Performance addon operator code base move to NTO #322

yanirq · 2022-03-15T14:01:20Z

This PR includes :

PAO code base copy to NTO . See snapshot here: WIP: code base snapshot to be moved to NTO openshift-kni/performance-addon-operators#862
PAO code invocation and manifests (taken from the PAO vendoring PR: Vendor and run performance-addon-operator as part of the controller-runtime NTO manager #314

Additional notes:

First 2 commits are to preserve git values and enable a reasonable method for cherry-picks
PAO code moved to NTO current paths and structure
Most of the vendoring added in one additional commit

all operations in this commit where done with git mv to preserve git references for future cherry picks

jmencak

The structure overall looks reasonable to me. A couple of notes though:

Can the /testdata be placed somewhere under /test to keep the root a bit more tidy?
How will /config/pao/rbac/role_binding.yaml and /config/pao/rbac/role.yaml get instantiated? Should we place them in /manifests instead to leave this up to CVO?
Why is /assets/pao/configs plural and /config singlular? I.e. consistency.
I like the addition of /docs. We should shorten the NTO /README.md and move most of the docs from the /README.md to that folder alongside PAO. Not necessarily as part of this PR.

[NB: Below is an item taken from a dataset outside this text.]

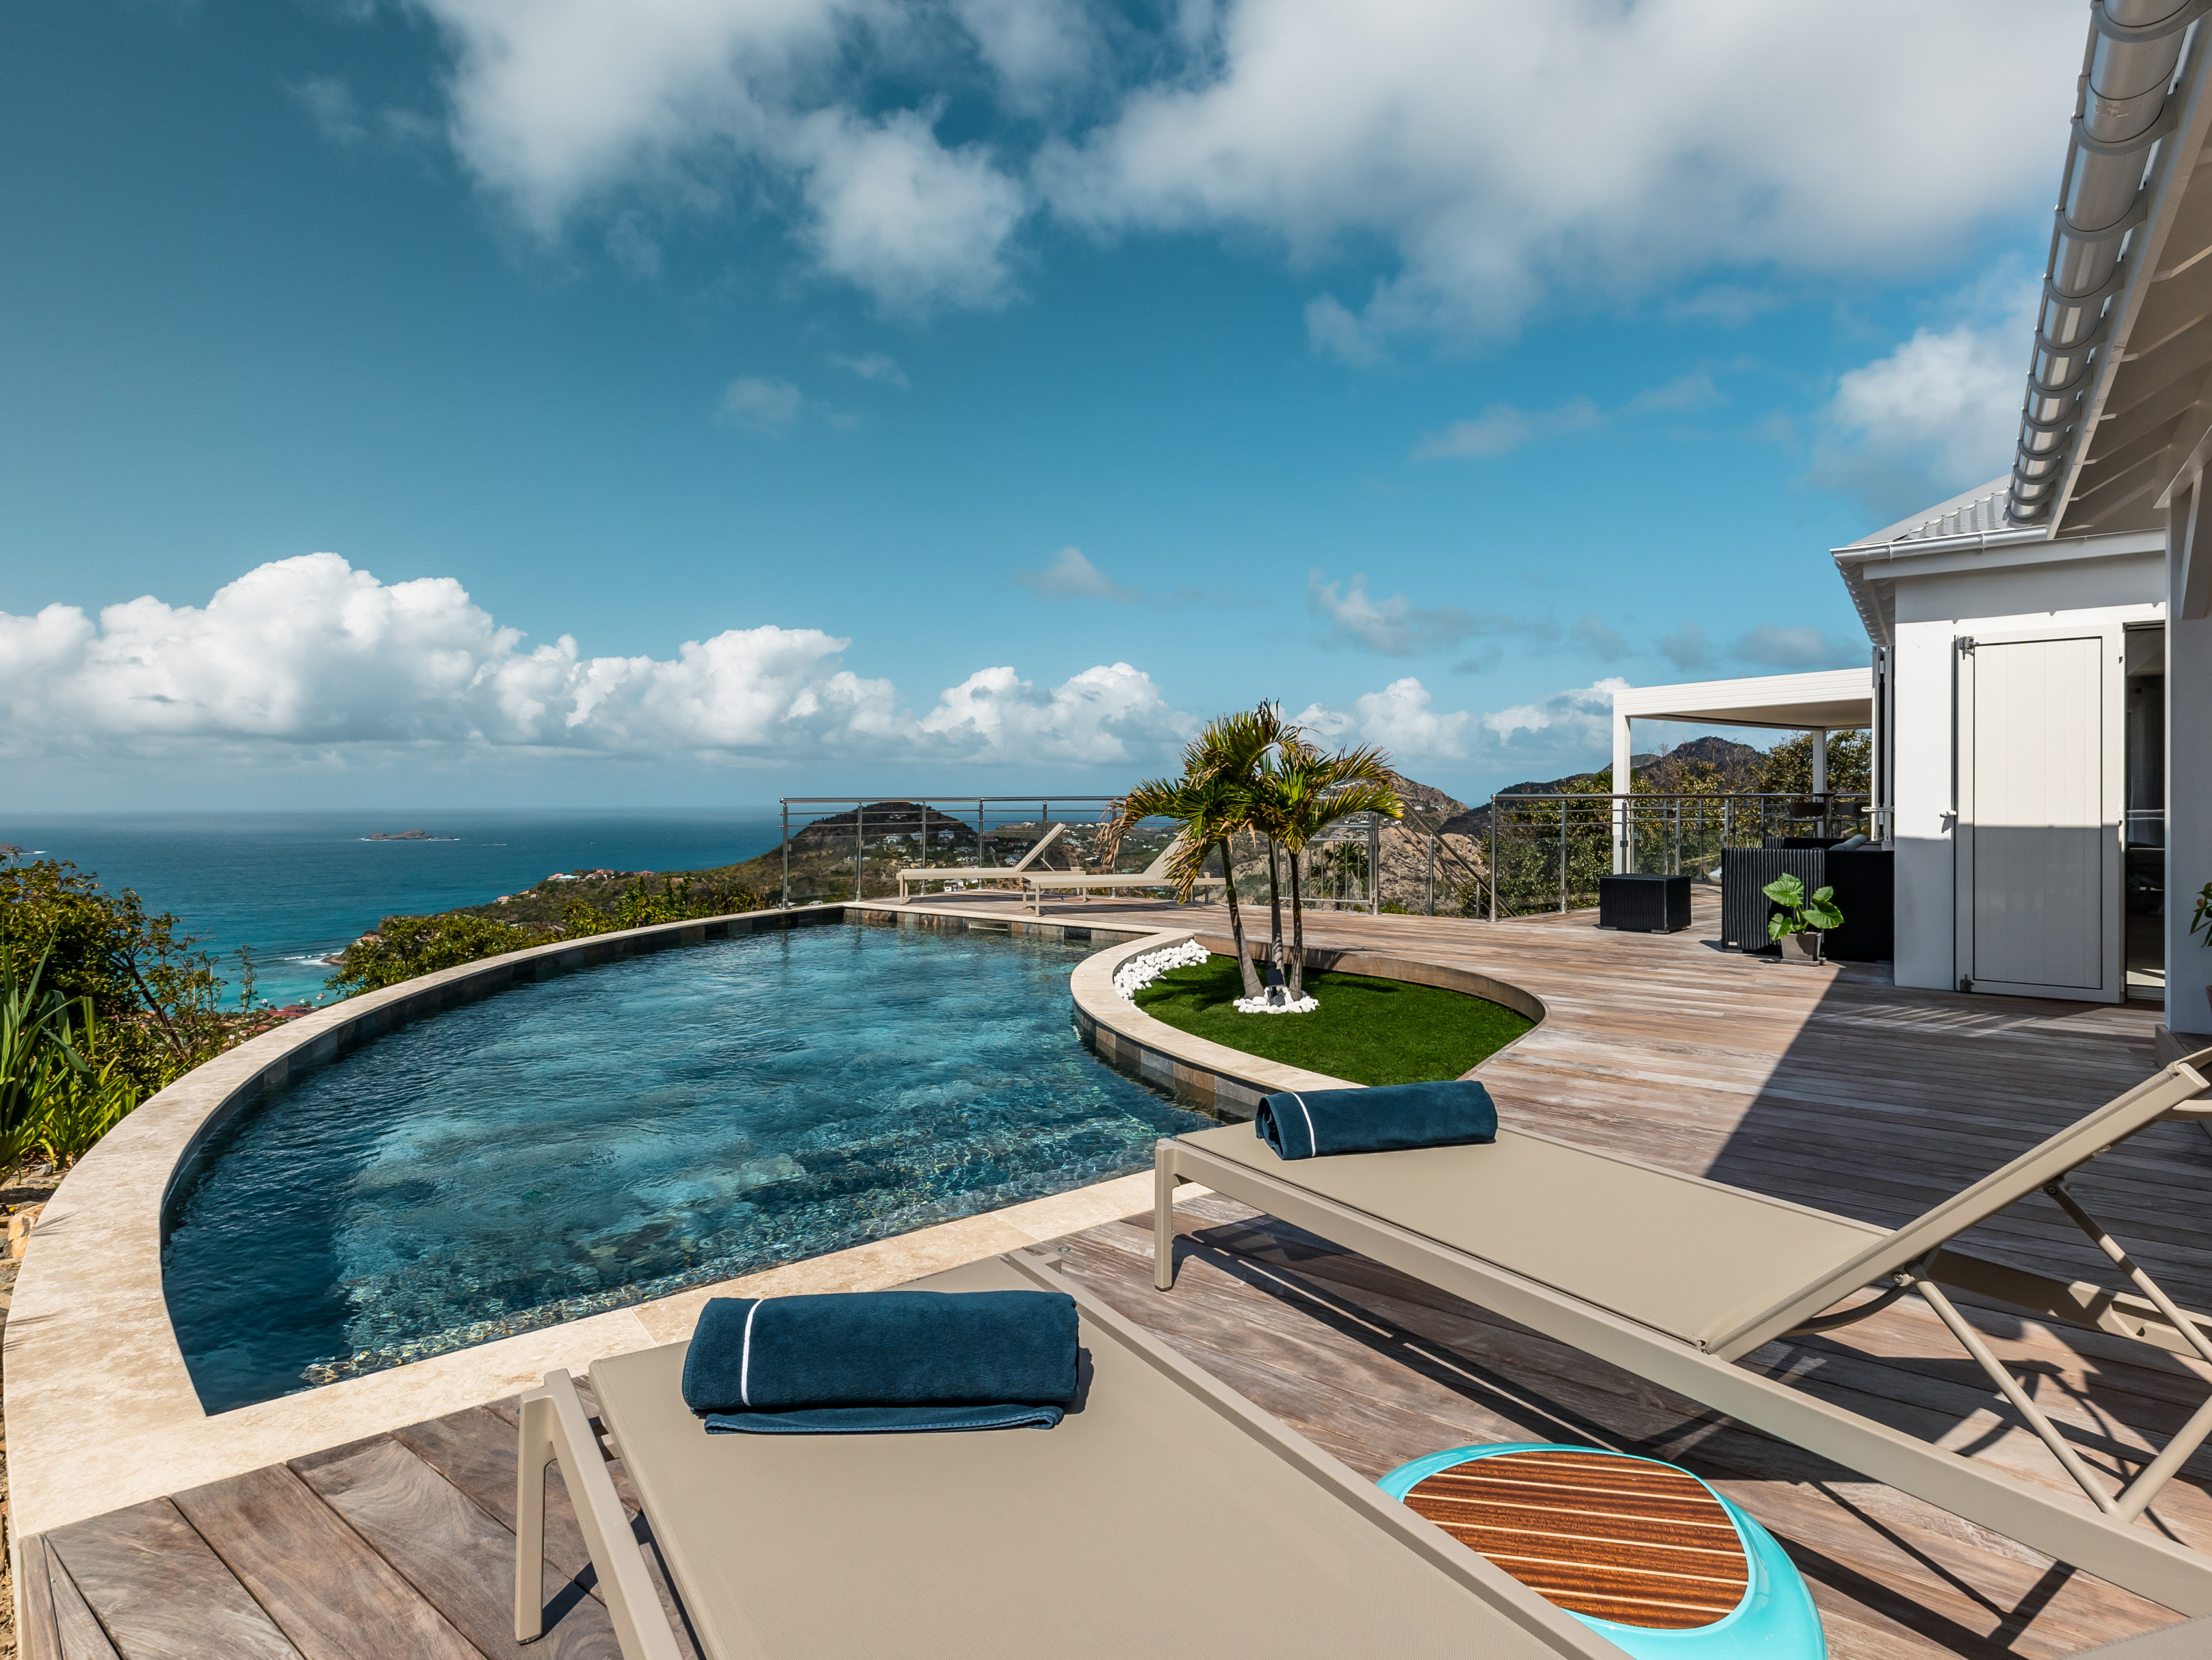 Villa Marris - Vacation rentals with private pools in Lurin St Barts

yanirq · 2022-03-18T18:15:36Z

The structure overall looks reasonable to me. A couple of notes though:

 Can the `/testdata` be placed somewhere under `/test` to keep the root a bit more tidy?

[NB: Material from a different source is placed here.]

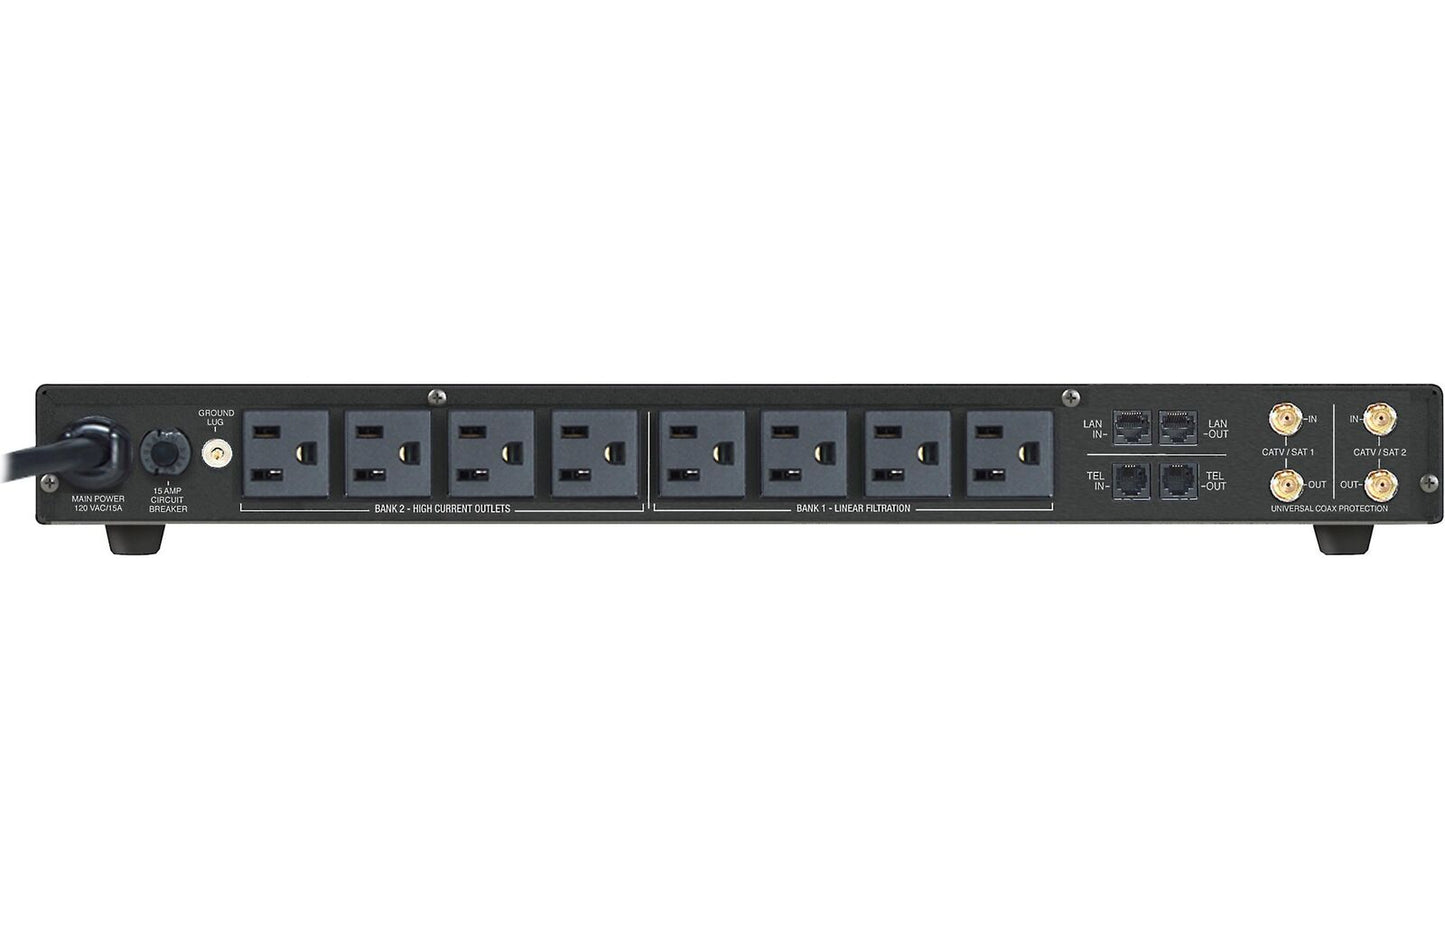 Panamax MR4300 Power line conditioner and surge protector

Yes, I will work on that on a cleanup separate commit (maybe after some more comments)

* How will `/config/pao/rbac/role_binding.yaml` and `/config/pao/rbac/role.yaml` get instantiated?  Should we place them in `/manifests` instead to leave this up to CVO?

Actually I might be able to remove that folder completely , our test data depends on that and there is still work to be done in the code generators (not in this PR at this point of time)
Next commit should have the relevant manifests under manifests folder.

* Why is `/assets/pao/configs` plural and `/config` singlular?  I.e. consistency.

ack

* I like the addition of `/docs`.  We should shorten the NTO `/README.md` and move most of the docs from the `/README.md` to that folder alongside PAO.  Not necessarily as part of this PR.

I will need to really cleanup the docs here . The content should be adjusted + the links.
We can either have it in this PR and fix in a follow up or leave it to a different PR.

yanirq · 2022-03-20T20:04:14Z

/hold cancel
/cc @cynepco3hahue @MarSik @fromanirh @Tal-or

Makefile

cynepco3hahue · 2022-03-21T10:02:36Z

Some initial review.

Why do we need to copy config/pao directory? It is used mostly to generate CSV.
Probably the doc should now have a more clear hierarchy, same regarding examples.
We should update NTO README with the relevant PAO section.
Probably we do not need pkg/pao/utils/csvtools.
Probably the pao directory hierarchy can be more clear like if it is placed under e2e we do not really need functests under directory names.

yanirq · 2022-03-21T11:01:36Z

Some initial review.

1. Why do we need to copy `config/pao` directory? It is used mostly to generate CSV.

There is some code still using it, examining how to remove it completely atm

2. Probably the doc should now have a more clear hierarchy, same regarding examples.

Docs will be removed from this PR and will be handled in a separate one.

3. We should update NTO README with the relevant PAO section.

Same comment as above.

4. Probably we do not need `pkg/pao/utils/csvtools`.

There is a section that still uses a tool there. I will see if it can be removed

5. Probably the pao directory hierarchy can be more clear like if it is placed under e2e we do not really need `functests`

I think the current hierarchy can be kept. Mainly if considering cherry picks and familiarity

Makefile

dagrayvid · 2022-03-21T18:41:32Z

Overall, I think the structure of the PR looks good.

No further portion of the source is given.